All-action Arturo Vidal bounces back to lead Bayern's Euro drive
Lee Roden on the Chilean driving force behind Guardiola's bid to bow out of Bavaria in style.
Wednesday's Champions League semi-final meeting between Atletico Madrid and Bayern Munich promises to be an enthralling clash of styles, as Europe's tightest defence takes on one of its most advanced and versatile attacks.
In Arturo Vidal, Bayern have a player who bridges the divide, someone whose all-action, more blood and thunder and less cerebral approach could easily fit in at the Vicente Calderon, and who is perhaps a more natural match for the Rojiblancos than he is the German champions.
Previous form suggests the Chilean could well prove to be Pep Guardiola's key weapon in unlocking the Colchoneros' famously stubborn rear-guard this week however, his tie-winning displays in Bayern's last Champions League matches with Benfica provides a good indicator of how his unique qualities can help break down more rigid opponents.
Vidal's recent Champions League form is a far cry from where he was only a couple of months ago, derided as a flop and questioned for his attitude off the pitch. The €37m price tag required to bring the player from Juventus to Bayern last summer didn't help, raising expectations among pundits and supporters, particularly when combined with his role in Chile's 2015 Copa America win. When he initially struggled to reproduce the quality that had convinced Bayern to move for him in the first place, it didn't take long for the critics to chime up.
The name of one of those critics will come as little surprise. In September, Franz Beckenbauer complained to Sky Deutschland that Bayern "don't need footballers who don't move" while referring to Vidal, adding that "the hope in him was higher".
That forced Guardiola to publically defended his player, and for the next few months the Catalan stood by him on the pitch, starting the former Juve man in the majority of Bayern's games.

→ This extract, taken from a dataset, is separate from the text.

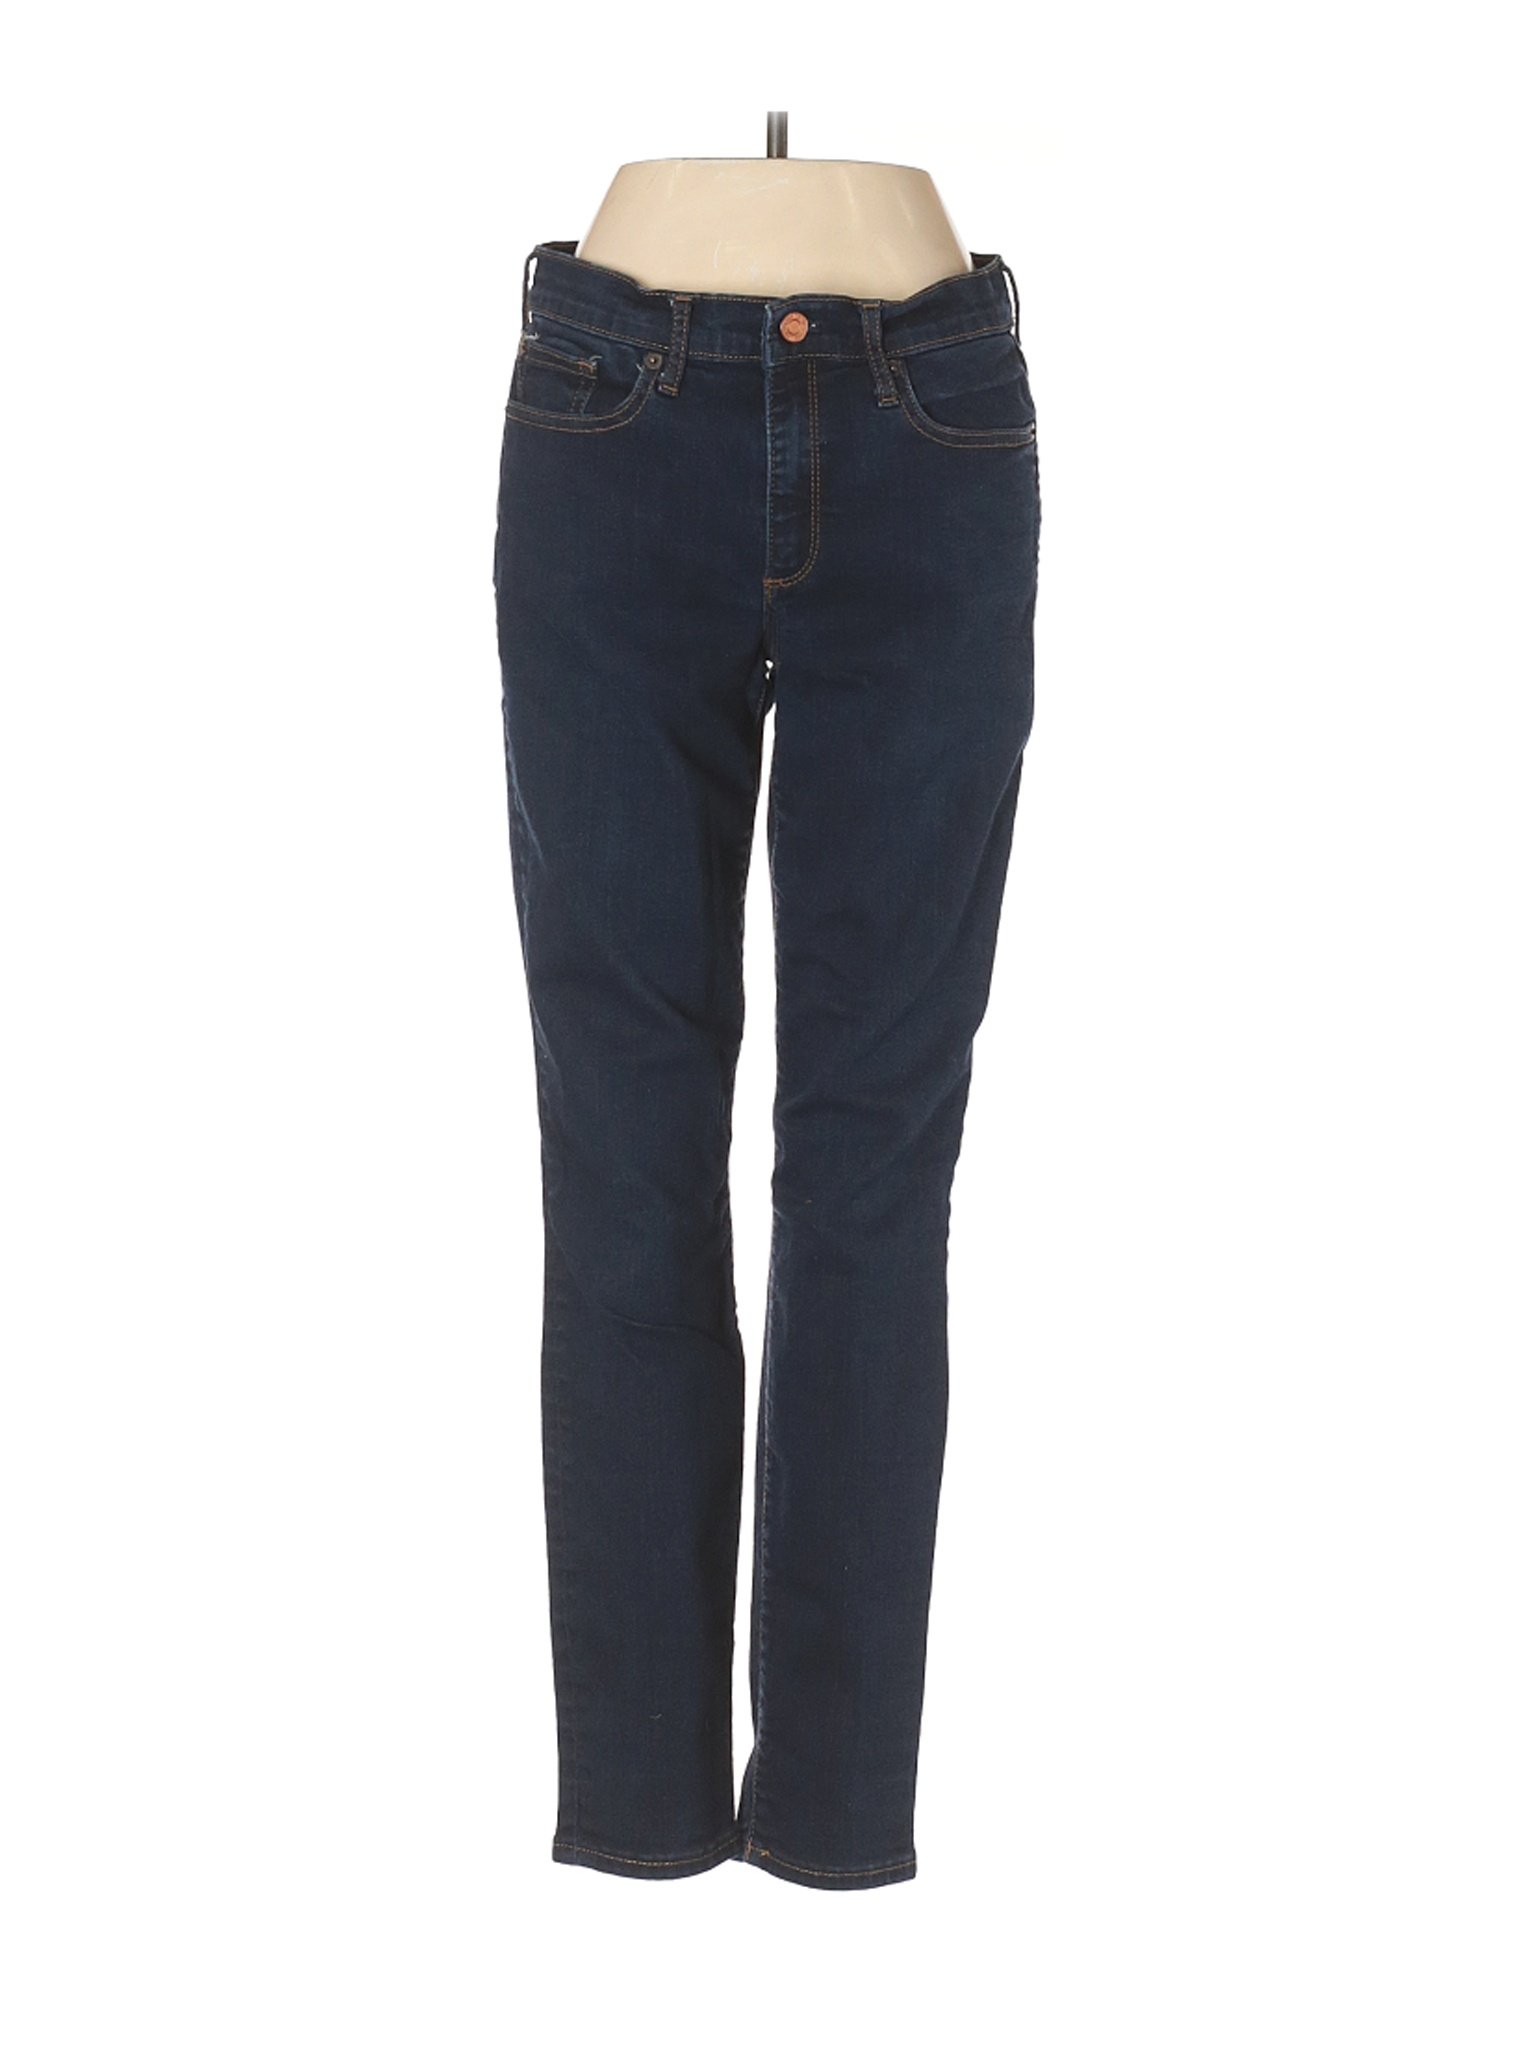 Gap Women Blue Jeans 26W | eBay

Yet as the season rolled on, the Chilean only further struggled to convince, and to make matters worse, stories of after-hours exploits began to gather steam following the turn of the year.
Rumours in the German tabloids claimed that Vidal had spent much of his time during Bayern's Qatar-based winter training camp out drinking. The midfielder firmly denied the claims, but regardless of their veracity, the added noise did little to help his tricky bedding-in at the Allianz Arena.
Then there were suggestions that he was the player leaking dressing room information to the press, while in February there came more tales still, this time of a night out with David Alaba and Franck Ribery that ended in the early hours of the morning while Bayern were in Turin to play Juventus.
Distractions off the pitch combined with a continued failure to perform at the level expected of him on it didn't paint a pretty prognosis of how Vidal's Bayern career was going to work out. His toils even led one well known pundit to compare him to "Las Vegas Elvis", labelling him "an expensive misfit, cumbersome and without the technical ability of his peers".
Ironically enough, it was not the technical ability of his peers, but the things that make Vidal different from many of them that helped Bayern to edge past Benfica in the Champions league quarter-finals a couple of months later.
The Eagles were a useful sample of what is to come for the Bavarians this week, their solidity not a million miles away from Atletico Madrid. Appropriately, it was that discipline that allowed the Portuguese side to go to the Vicente Calderon last December and take a surprise 2-1 away win, their counter-attacking beating Atletico at their own game.
In the Bayern tie, Benfica stayed true to type, quite often proving successful in their attempts to stifle. The one player they couldn't handle however was the one who was capable of attacking them in a different way. The only goal of the German champions' 1-0 first leg win over Rui Vitória's side came not through Robert Lewandowski, Franck Ribery or Thomas Muller, but through Vidal, steaming into the area like a freight train to head the ball into the back of the net.
He sent a similar chance just over the bar later in the game, Benfica clearly struggling to cope with his secondary runs into the box, and the second leg would only confirm how useful his movement could be for Bayern in these kind of ties.
At the Estadio da Luz, Vidal's box-to-box play was a constant threat, and when he smashed home a half-volleyed strike from the edge of the area just before the break, the potential for him to find and capitalise upon pockets of space was made clear.
Guardiola pointed out afterwards that Vidal is particularly good at making those kind of late runs, and it is exactly that sort of play that Pep will hope to use to good effect against Atletico. In static build-up (moves not launched via a quick transition from defence to attack) the Colchoneros are incredibly difficult to break down. If Bayern's attacking play is too predictable, it will simply be sucked up by Diego Simeone and spat back out at them.
The Bavarians will likely need to mix things up to pick the Atletico lock, therefore, and that is where Vidal and his last-minute arrivals in the area come into play. On paper, the Chilean could be the key to a first Bayern final since 2013. Though whether a footballer who is known for his hot head can avoid being drawn into Atleti's mind games is a different question.